Briefly, any vestige of Sharia Law should not be given ANY foothold in our society at large. It's not our law, it's based on a (perverted) religion, and is dangerous. I see a problem that a foothold is being given, ground is being surrendered, the alert is not high enough, people need to wake up and not fight against our values, but uphold them - carefully, lovingly, not indiscriminately - but very clearly and strongly just the same.
Honestly, I don't think we'll get this done, unless God steps in, wakes people up, and provides us with His guidance and mercy to do it. Humankind as a whole is too inept, divided, blinded, and sin-damaged to run a society as God would have it run. We can't even run our own lives without divine intervention, much less a whole society. History is littered with the evidence, including within the scriptures themselves.

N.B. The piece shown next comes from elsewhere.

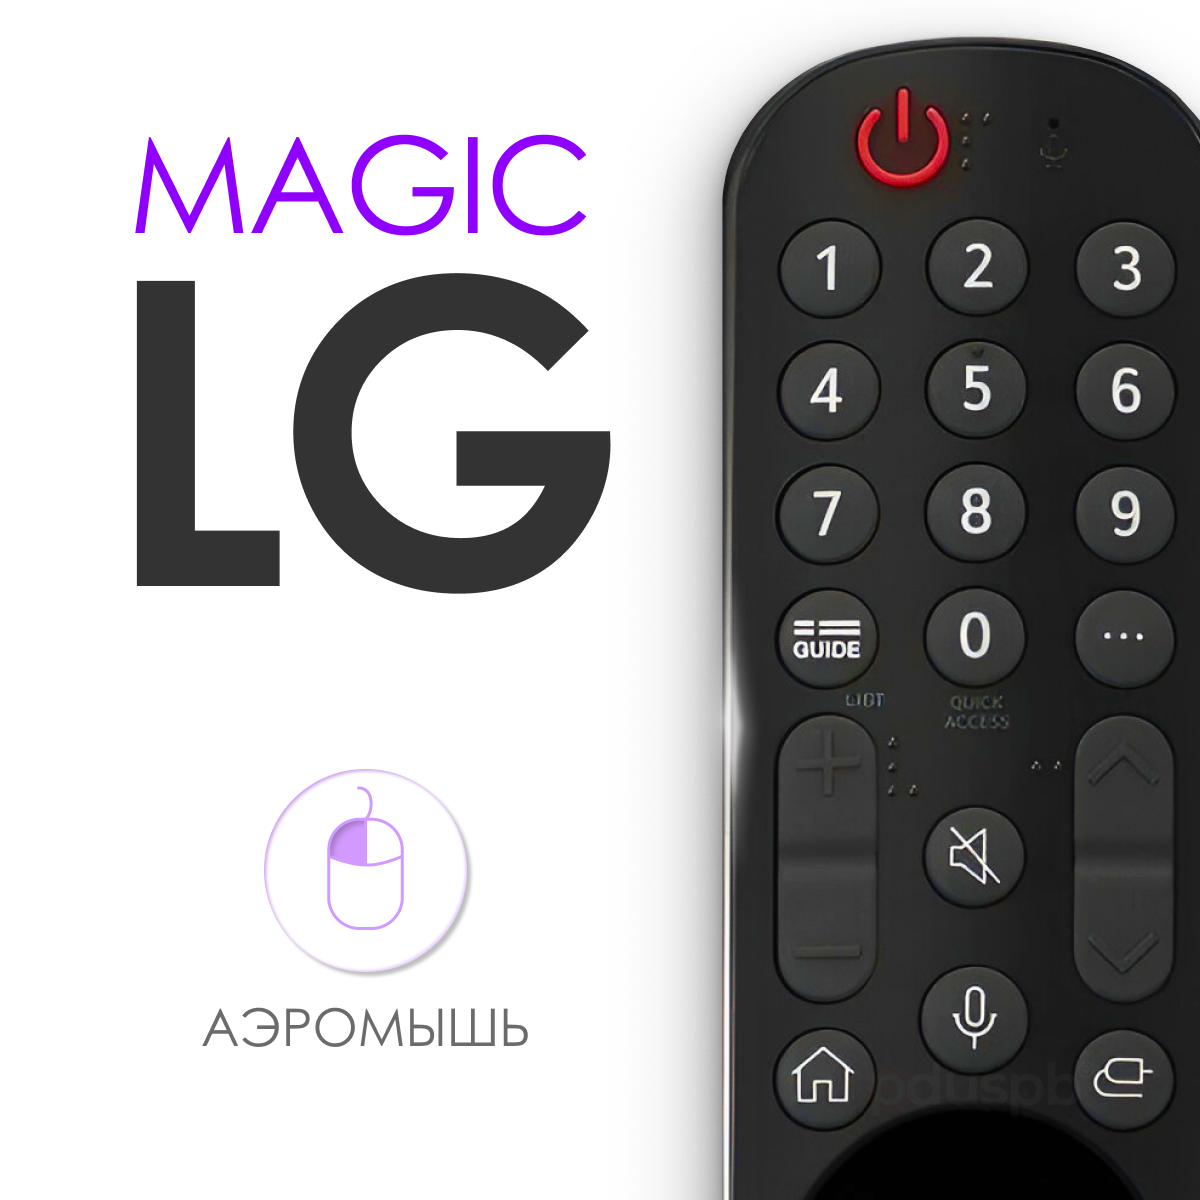 Голосовой пульт LG MR22GA Magic Remote Smart TV (AKB76039905) с функцией Netflix для смарт телевизора Лджи / Лж, аэромышь заменяет MR21GA, MR20GA, AN-MR19BA, MR18BA, MR650A

So bottom line, honestly, I'm personally probably somewhere in the middle. I think there's more of a concern and more frightening issues involved that what I PERCEIVE as you presenting Byron, yet I also don't think we need to totally isolate, shut everyone else out, discriminate, etc. against others that are different. We're called to be salt and light - yet, as a nation, I believe we also need to use some discretion and set limits. But we can only do that if we look to God, follow His ways, and seek Him to heal us and heal our land.
Those are my thoughts, my opinions, if something's not clear, please don't assume or extrapolate. I typed this quickly, I may have mis-spoken somewhere, I may need to clarify or re-think something. Many of my beliefs, in many areas, are in flux and have been for some time. These are my thoughts right now.
James.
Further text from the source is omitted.